The photo appeared on my screen this morning.
It wasn’t the grey elephant or the nostalgia of wobbly toddlers that are now capable children that had me in tears. It was the window behind him, and the door right next to it. It was the chair that he had no doubt sat on while I removed his snow boots. It was the house he was standing in, the buffet I would have been leaning against when I took the shot. I could picture the camera I would have used at the time, and how I would have connected it to the computer in the office just to the right of the screen. It was a busy and hectic existance, but a life that no longer exists. My Canadian life.

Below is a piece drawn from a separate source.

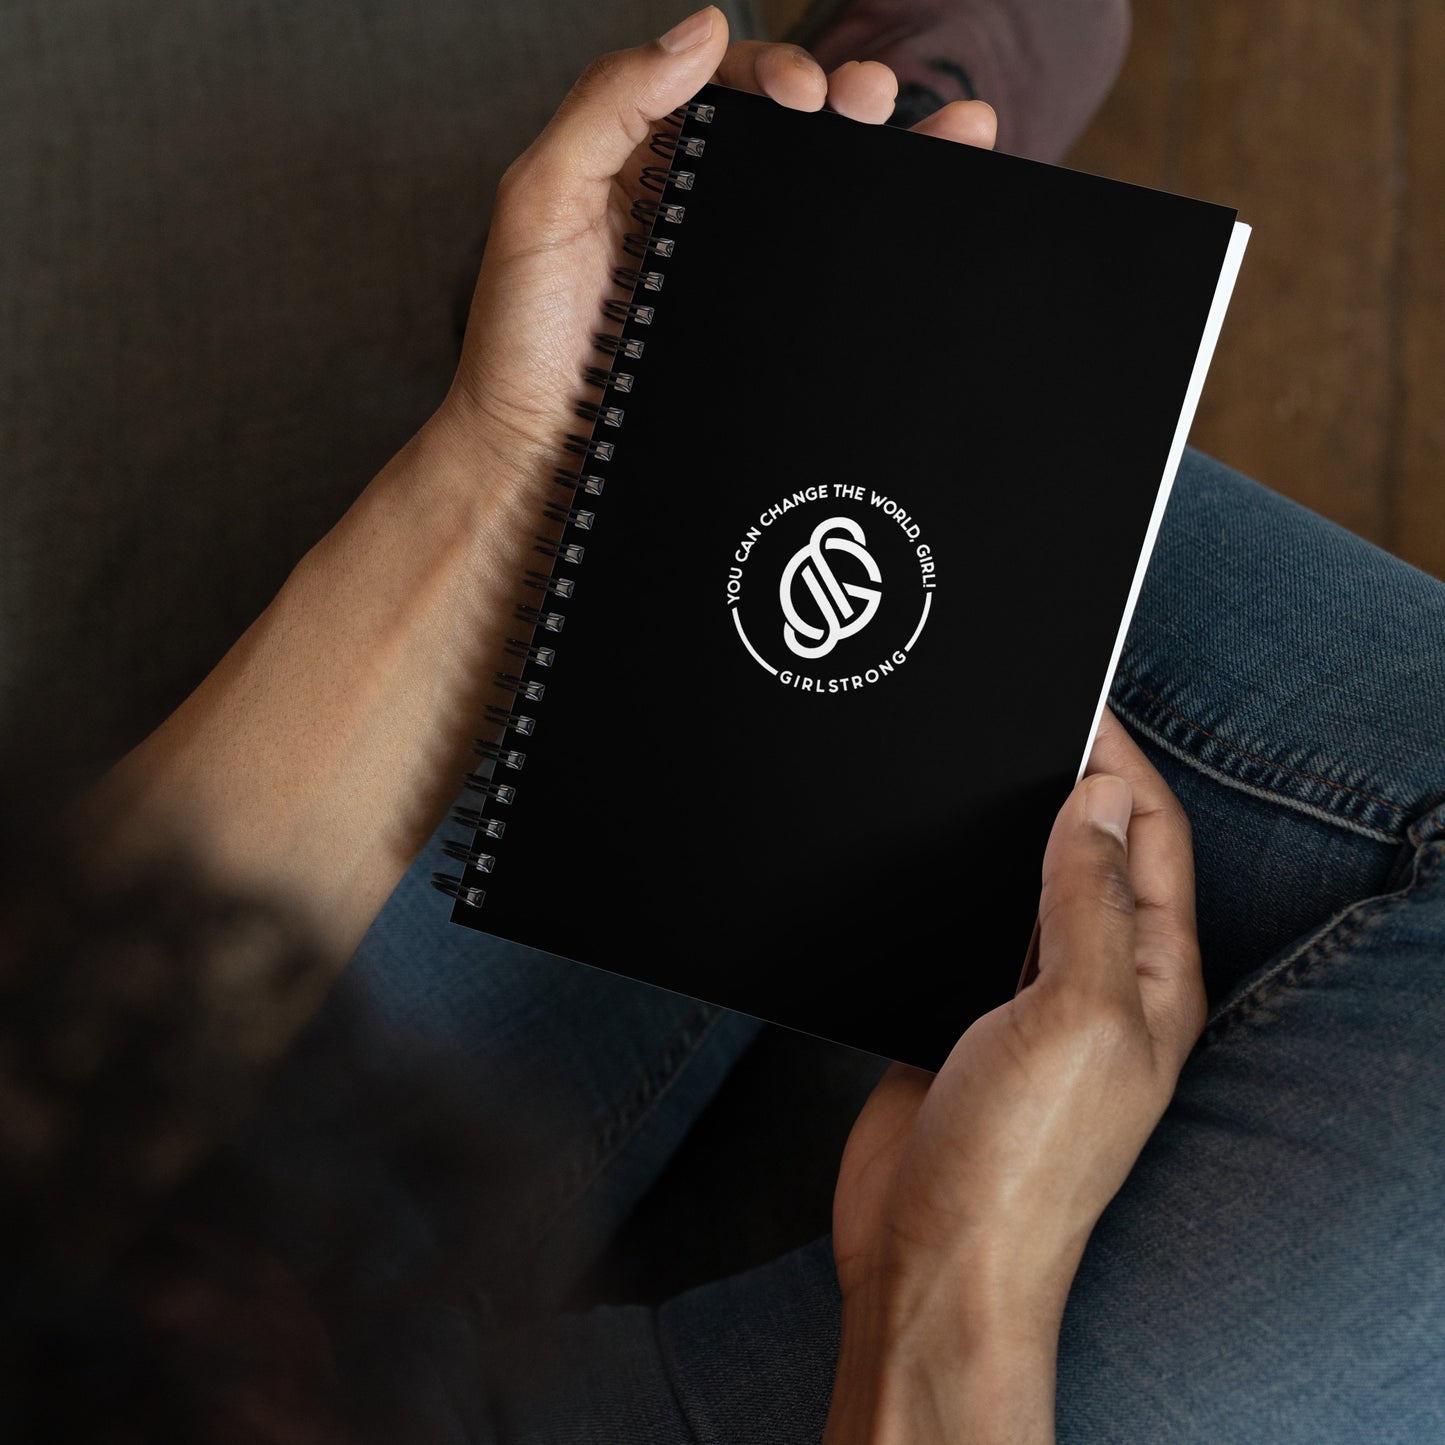 GIRLSTRONG Journal Spiral notebook black cover

It happens out of nowhere. A picture of a backyard in Libya, a tree swing in Houston, an inflatable pool in the front yard of a home in Malaysia. There’s an instantaneous moment of time and geographical travel where you can transport yourself so perfectly that you can smell a kitchen, feel the humid air on a front lawn, and remember the tickle of a blossom in a tree that is no longer yours.
I found myself looking over his right shoulder towards the window, knowing exactly what was outside. It was Thanksgiving weekend, and there had been snow. And as I sat in my present day Middle Eastern location with the September heat, I transported myself back into the photo, past the front door and out onto the street. I could feel the snow crunching under my shoes, and the crisp air going into my lungs as I looked around my old neighbourhood. I saw the faces of our neighbours who had become our friends, the white wines shared on the back decks over the summer. Crisp, clear, consciousness – there, but not there anymore.
If only we could step into a photo, open a door and wander outside to find old friends.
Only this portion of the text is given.